While on the subject of hauls, why not talk about where it all started? Video is the keyword for social media these days, and the first format of a social media platform involving videos was YouTube. It has come a long way since starting out almost 16 years ago, but it is keeping up with the trends. 

Since February 2021, YouTube has been beta-testing its live shopping feature and the plans are to release it during the upcoming holiday season. The goal with this launch is for YouTube “to communicate credibility to advertisers and provide them with detailed user information that has become increasingly inaccessible”.

YouTube has already hosted live shopping events featuring small businesses and sponsored influencer streams, but the feature isn’t available for all brands or the general public as it is in the platforms mentioned above.

Twitter Shopping

Twitter is a significantly new player to the social selling market. It has already added “Buy Now” buttons to ads, but these are rather primitive. The platform has recently announced its Shop Module, a dedicated space at the top of a profile where businesses can showcase their products. 

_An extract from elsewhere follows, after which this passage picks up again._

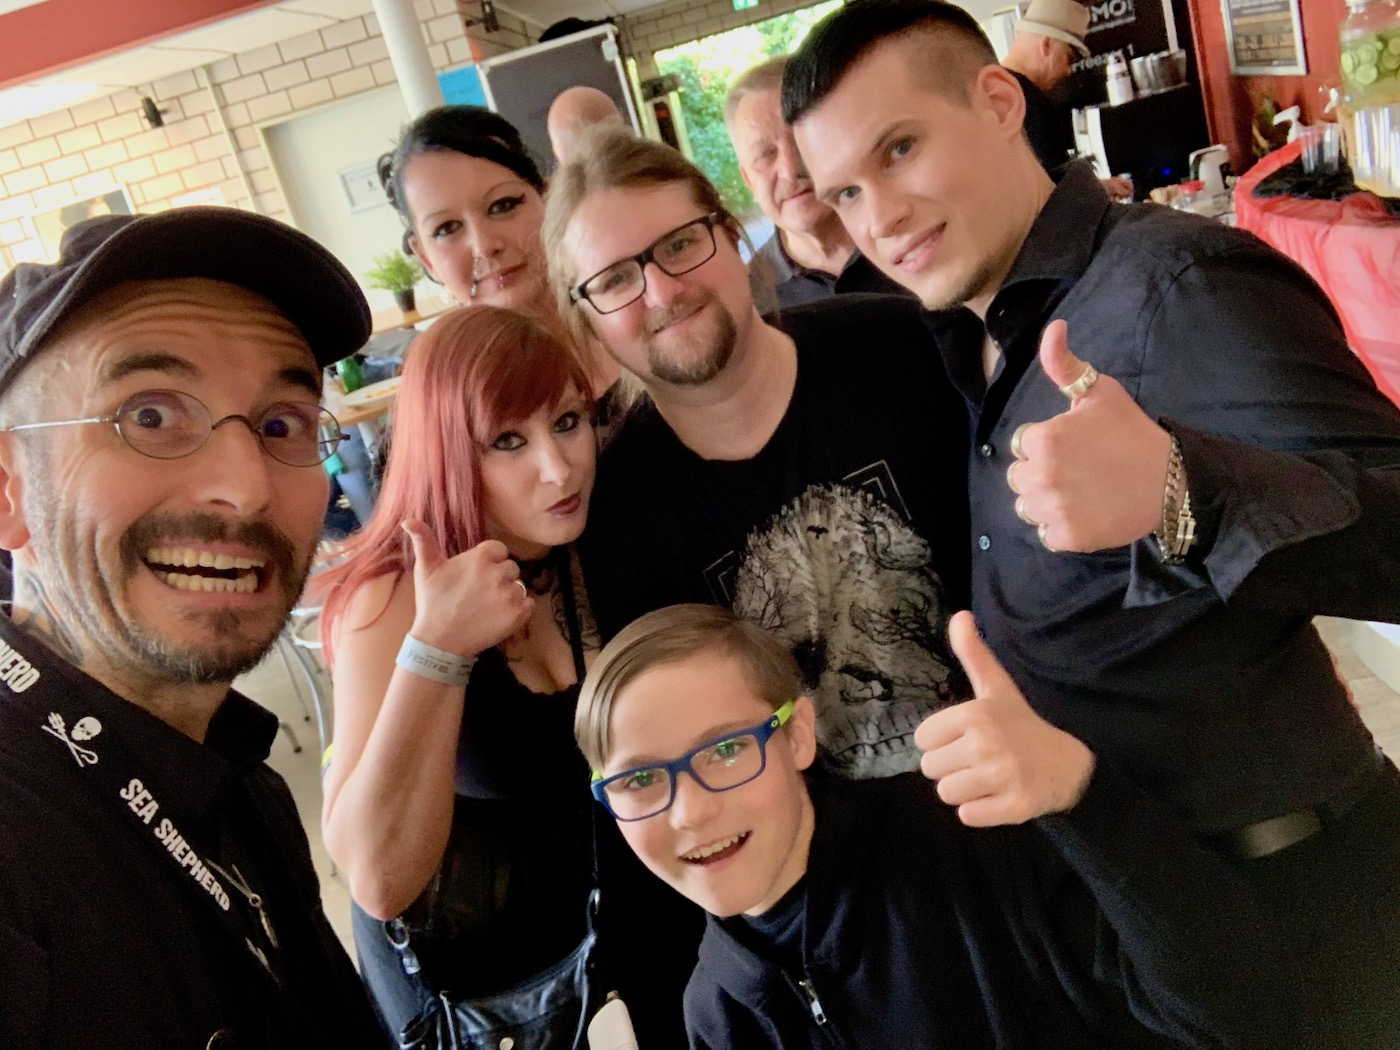 mark_benecke_amphi_festival_koeln_2019 - 1.jpg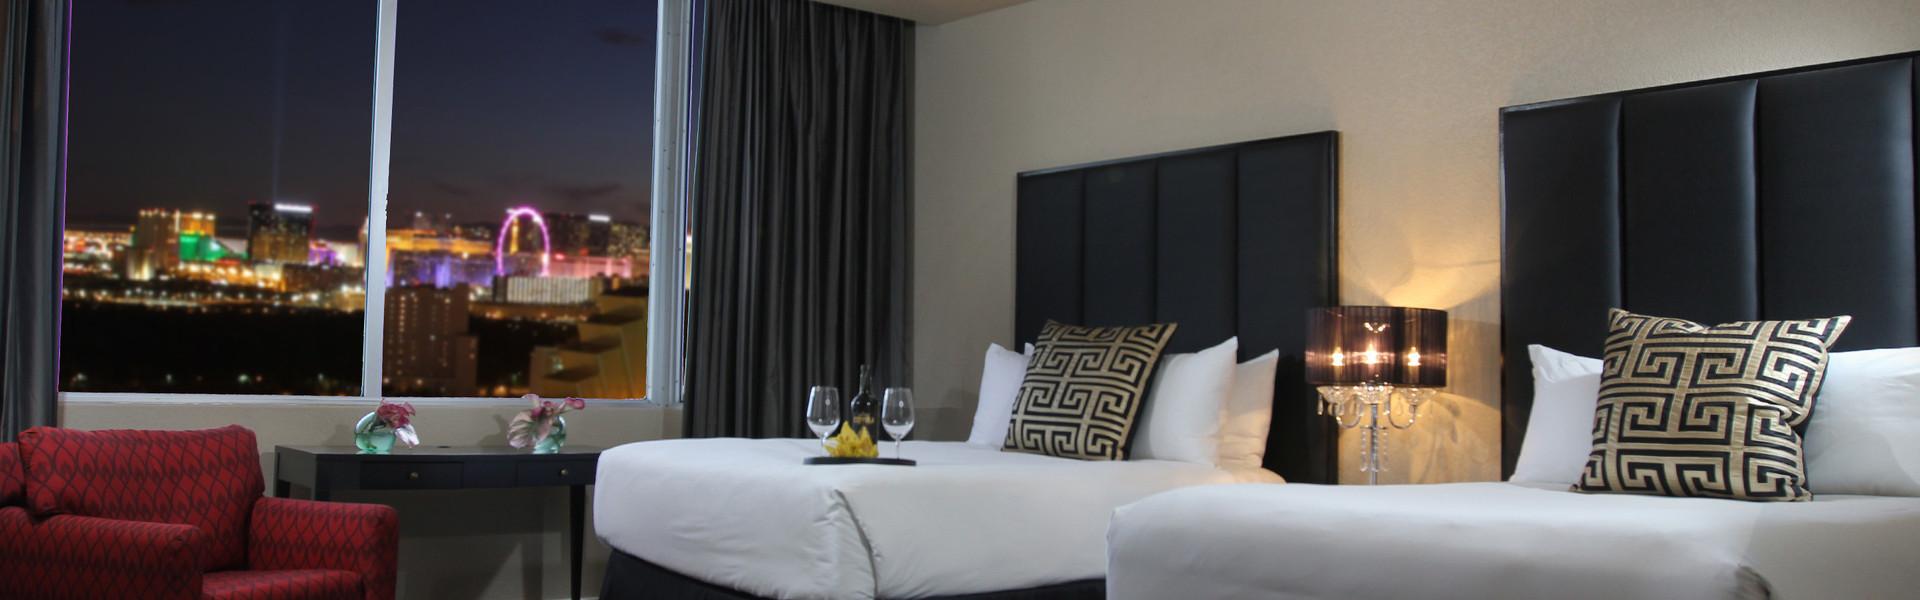 Las Vegas Hotel Rooms Interior   Westgate Las Vegas Resort & Casino   Westgate Resorts

When people visit a profile with the Shop Module enabled, they can scroll through the carousel of products and tap through on a single product to learn more and purchase — seamlessly in an in-app browser, without having to leave Twitter. For now, the feature is only available for users in the US, with plans of expanding to a global level soon.

The future of social media shopping

Remember that social selling is not only about placing products on social media platforms and waiting for the money to come in. There are a lot of strategies connected to the concept of social selling that all aim to do the same thing: put the end-customer at the center of this experience. 

Social selling is all about the power of social networks: social listening, social proof, exchanging tips and, above all, building trust. Customers want a safe space where they are comfortable in knowing every piece of information that they need to know they can find on the palm of their hand. 

But what to expect of ever-changing social commerce trends? Easy: the key to social selling is being able to create a unit. By merging different features such as live shopping, conversational commerce, influencer marketing and organic and paid ad campaigns, businesses and brands can achieve a seamless social selling experience for their customers.

Last but not least, pay attention to the numbers: social commerce sales are expected to reach $79.64 million USD in the US by 2025. In a world where social integration is key, more and more social media features will offer social selling, and those who aren’t in on it yet should hurry.